(Excerpts from a dataset)
# # # # #
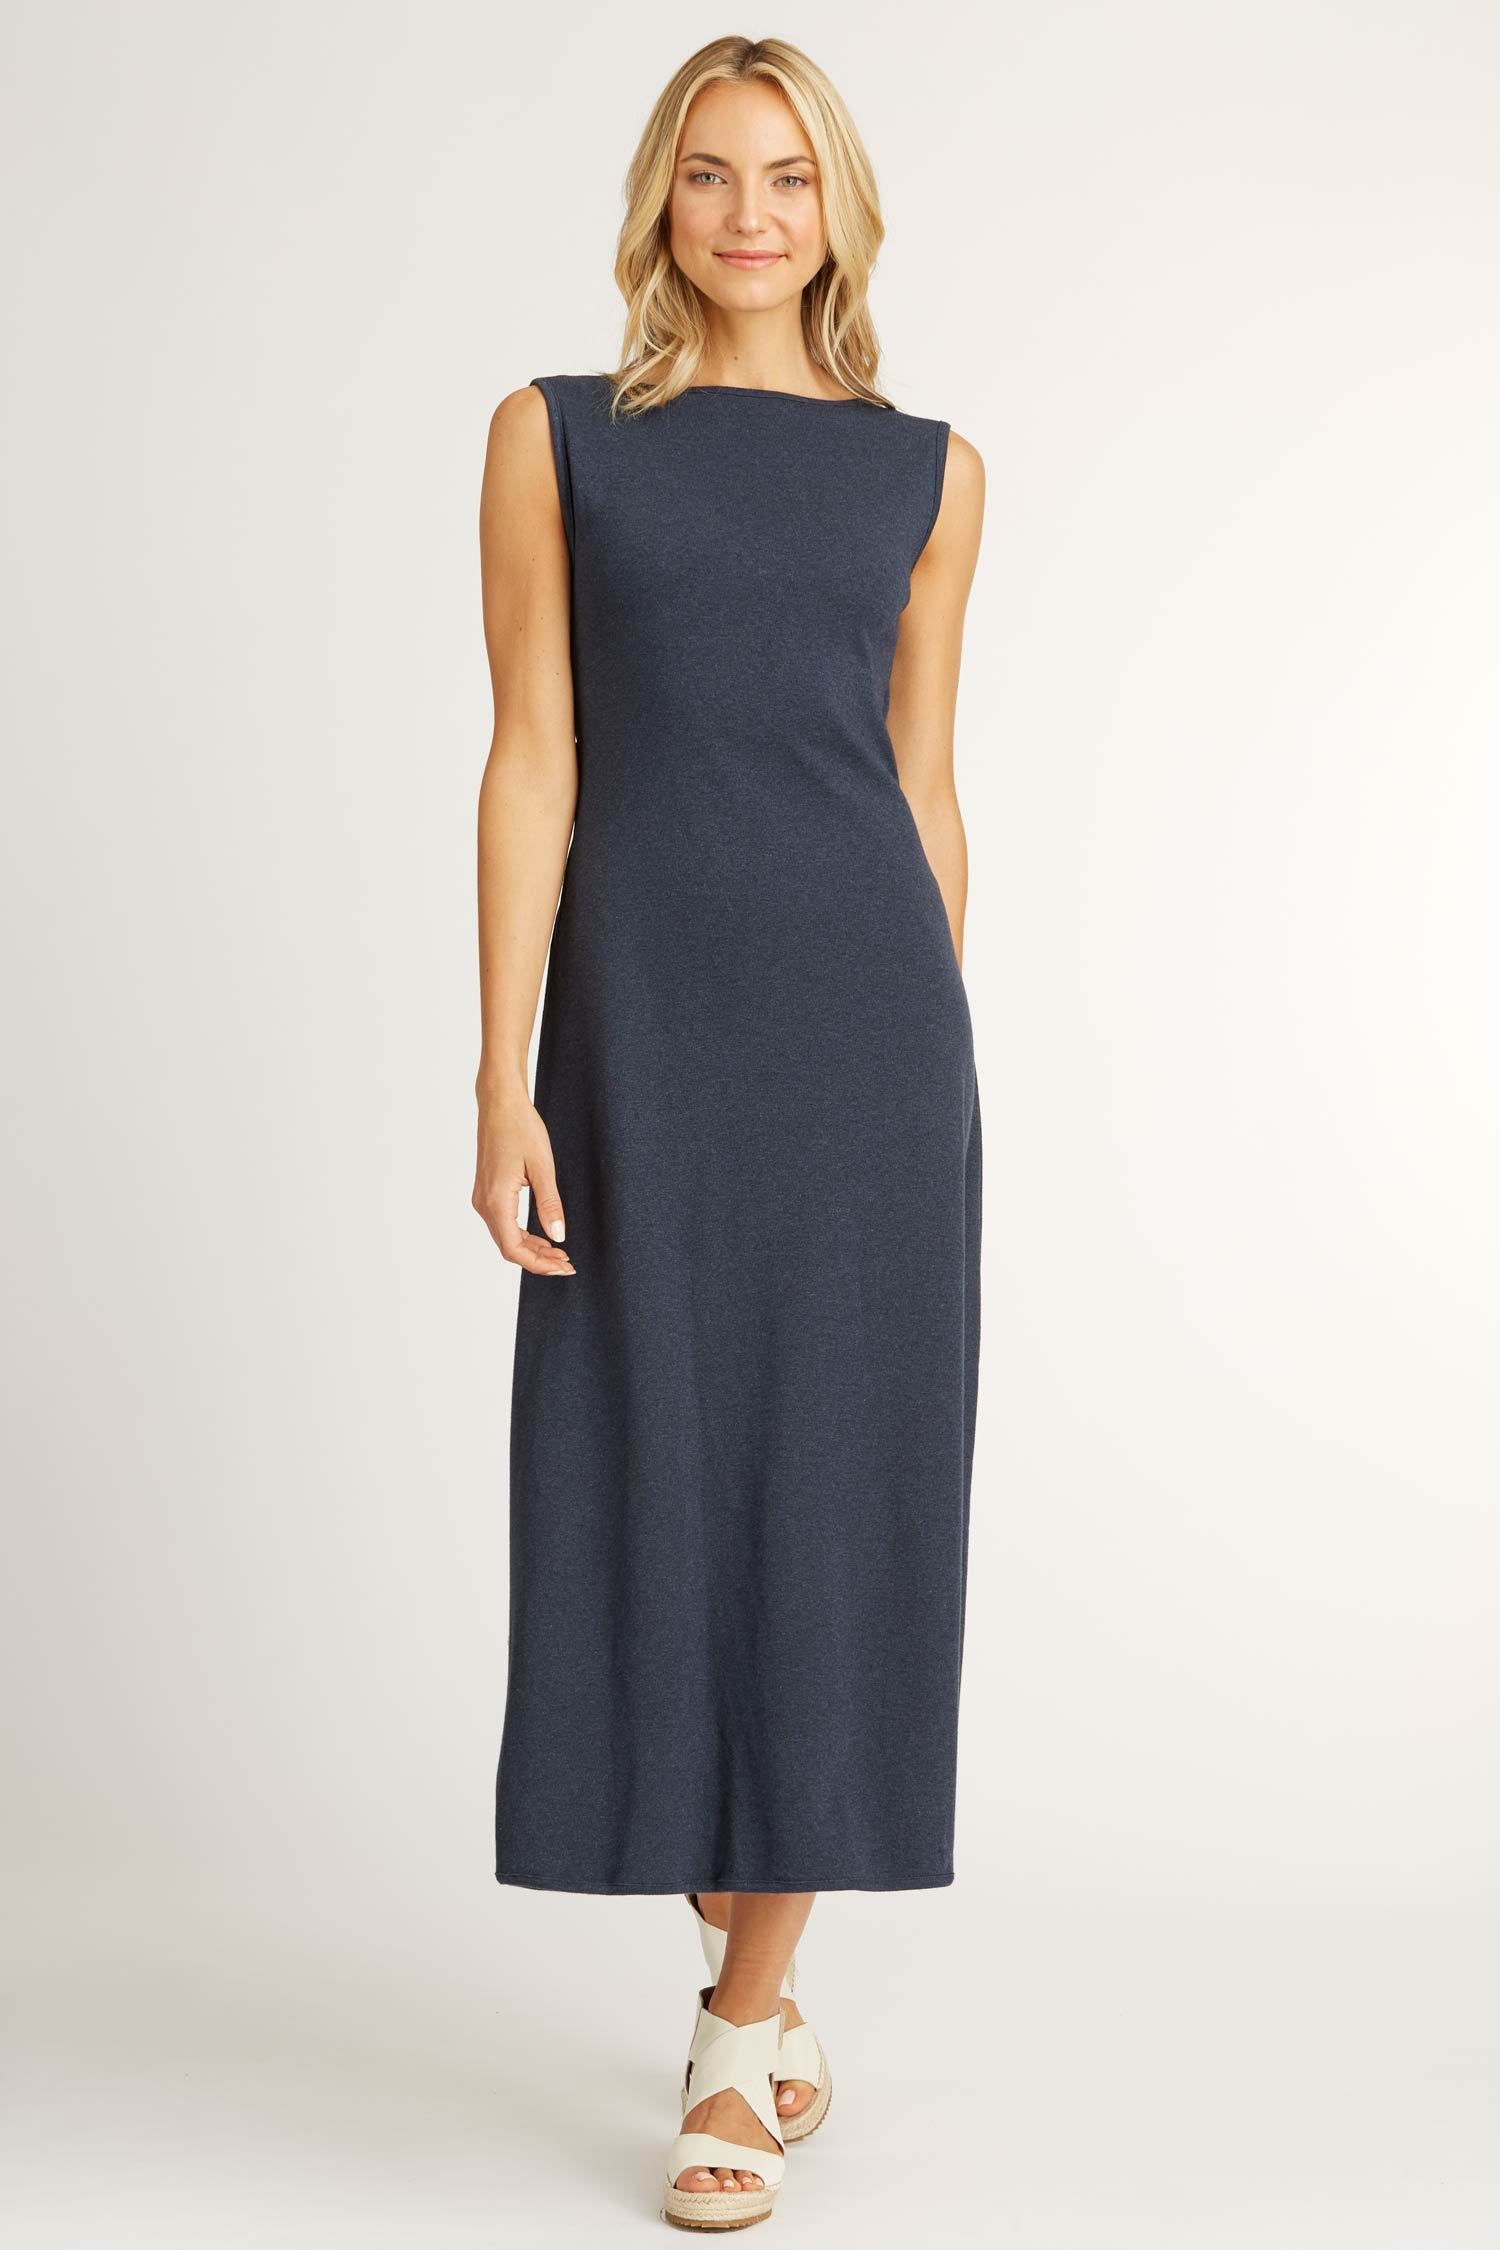 Womens Boatneck Maxi Dress in Navy Blue | Organic Cotton Clothing
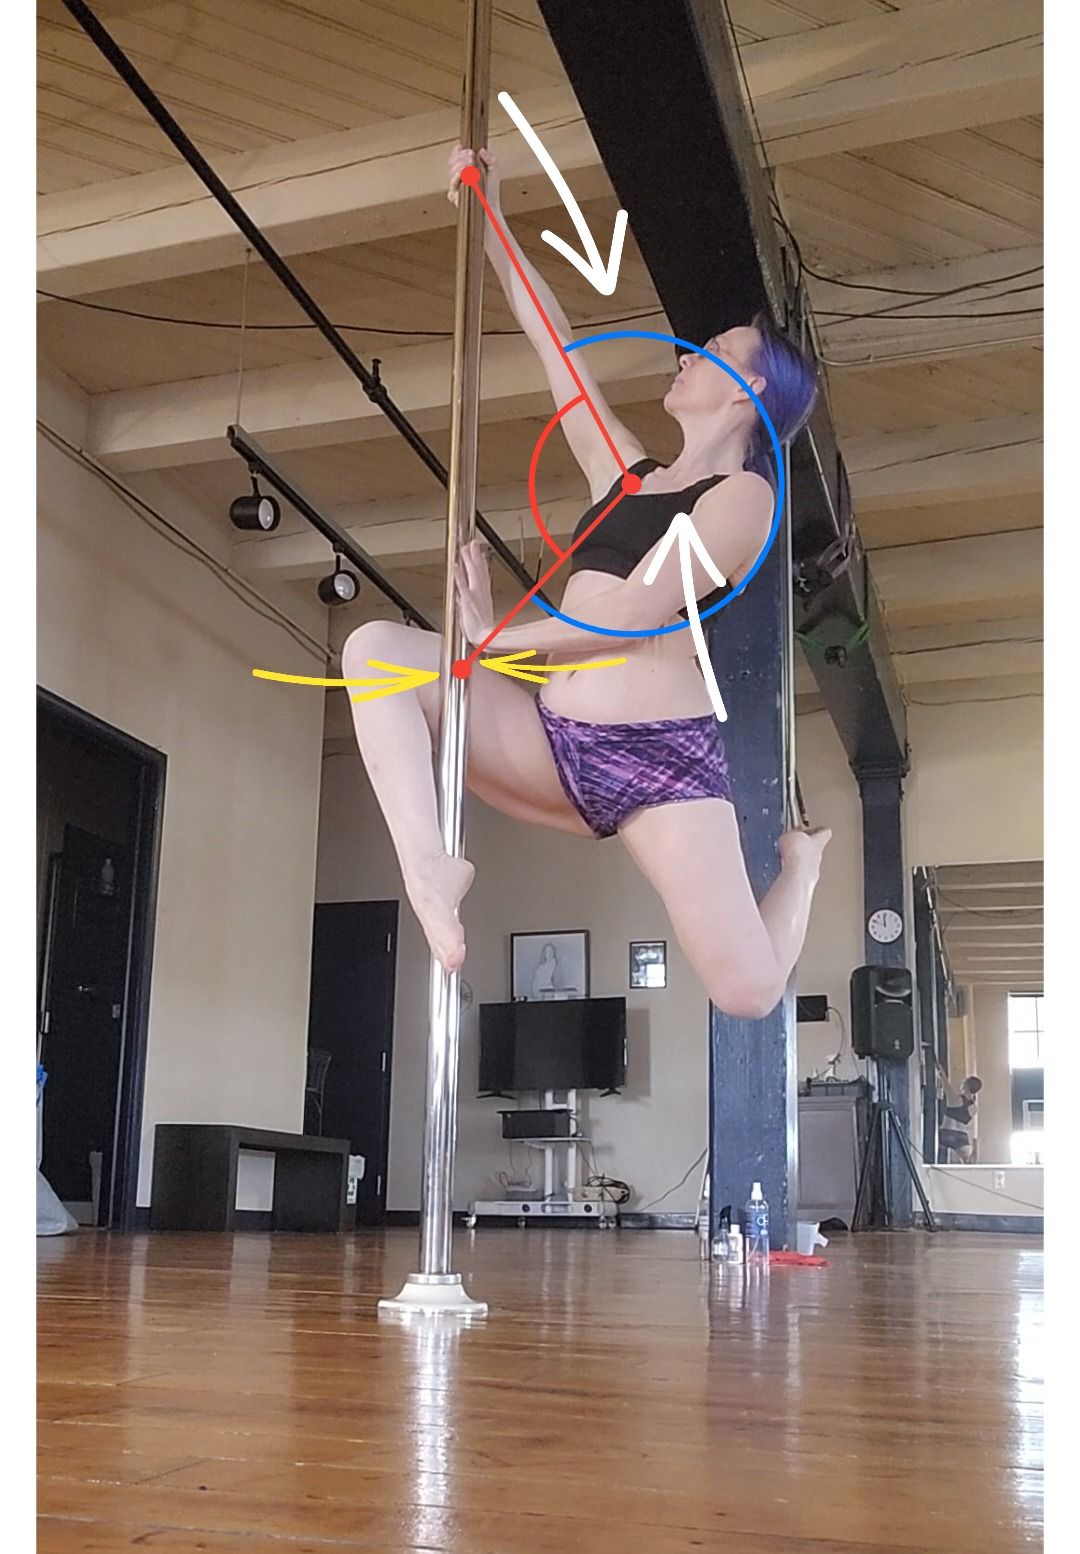 Art in Motion: Embracing the Physics of Pole
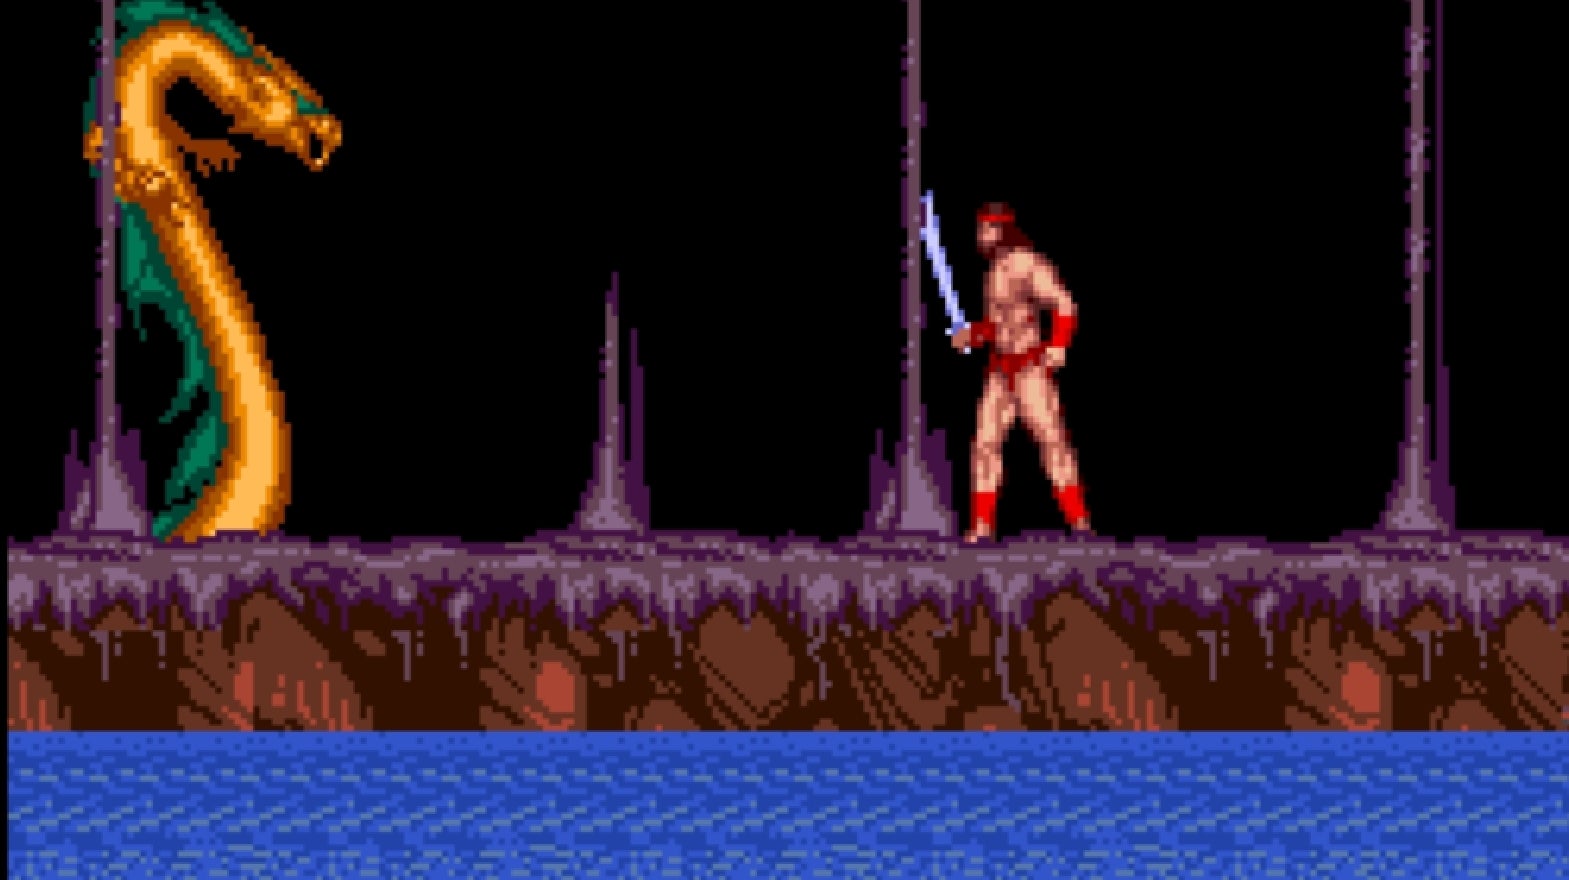 Image for Video: "Kingdom of Death", Auday Hussein's Gilgamesh-inspired Amiga game
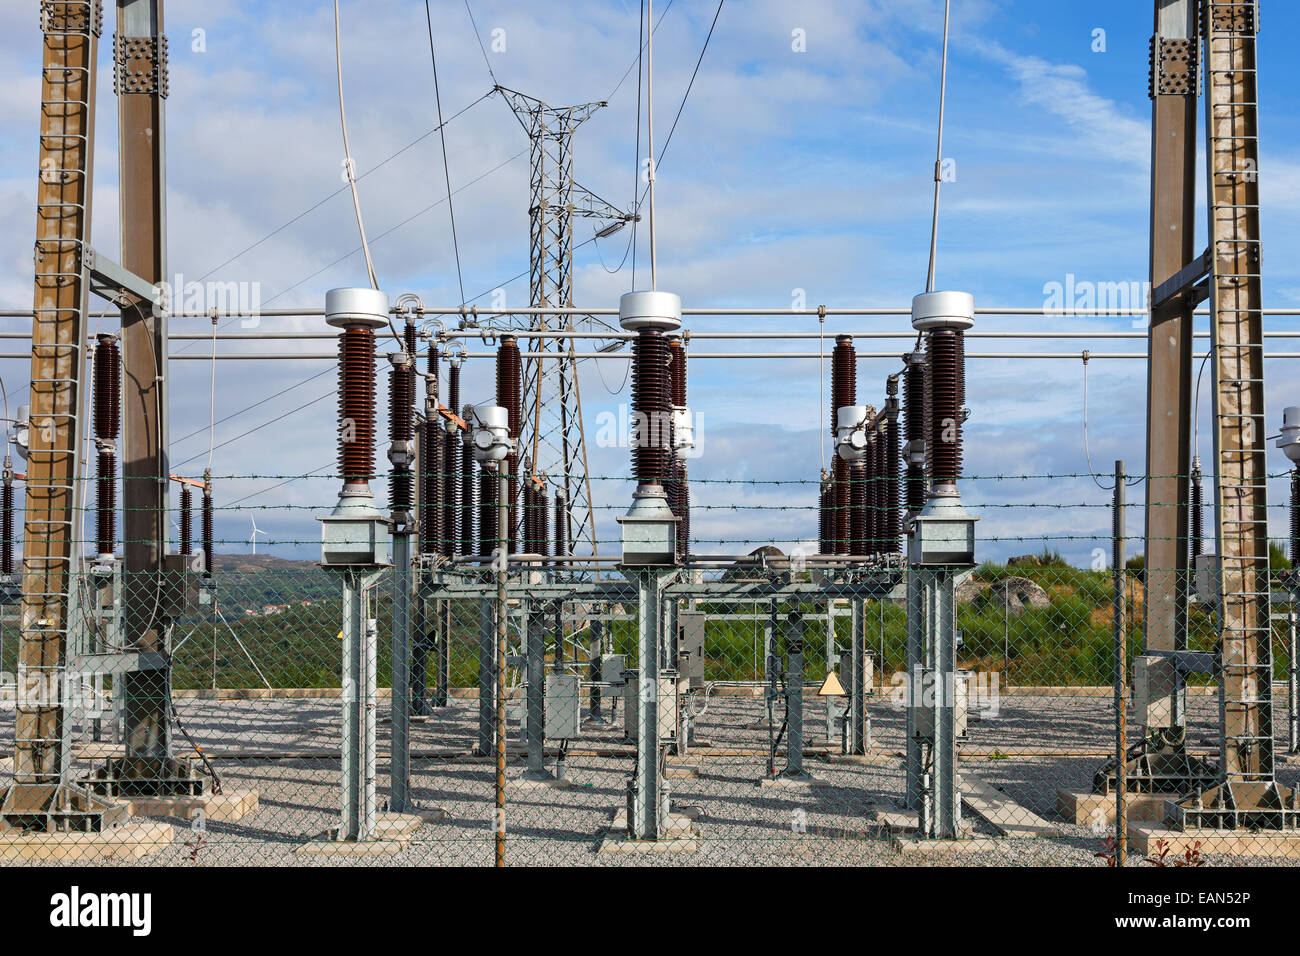 Earthing switches in the Collector Substation connected to wind turbine generators of a wind farm. Terras Altas de Fafe Portugal Stock Photo
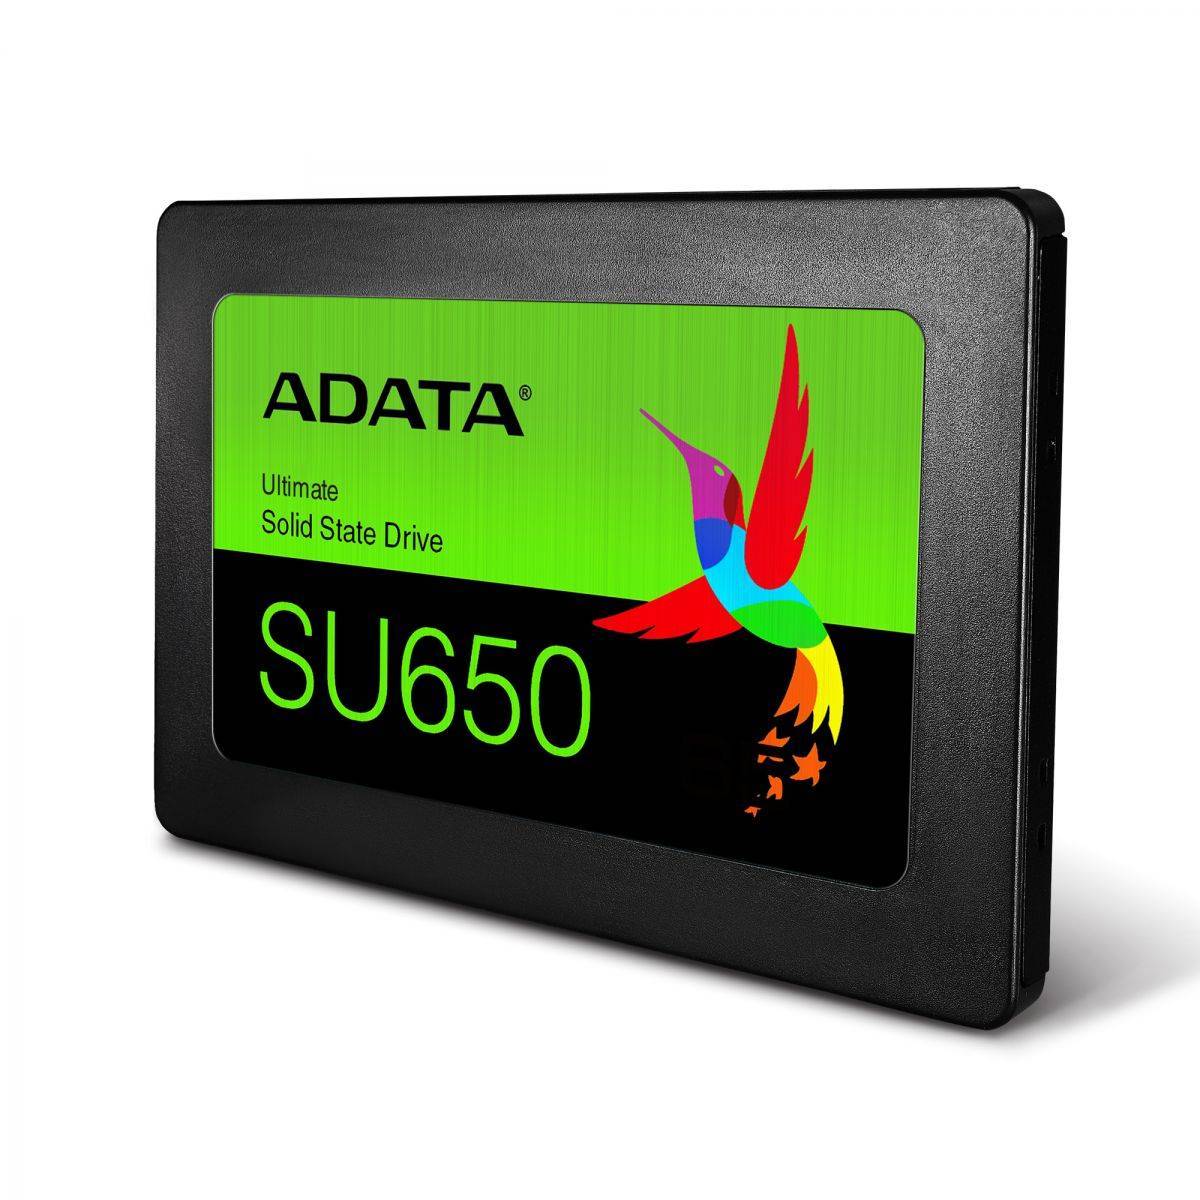 ADATA 240GB SSD SU650 TLC 2.5" SATAIII 3D NAND, SLC cach / without 2.5 to 3.5 brackets / blister
# # # # #
- _Task requirements_: Restate each entry word for word. Omit every picture.

- _Output_:
 Womens Boatneck Maxi Dress in Navy Blue | Organic Cotton Clothing
 Art in Motion: Embracing the Physics of Pole
 Image for Video: "Kingdom of Death", Auday Hussein's Gilgamesh-inspired Amiga game
 Earthing switches in the Collector Substation connected to wind turbine generators of a wind farm. Terras Altas de Fafe Portugal Stock Photo
 ADATA 240GB SSD SU650 TLC 2.5" SATAIII 3D NAND, SLC cach / without 2.5 to 3.5 brackets / blister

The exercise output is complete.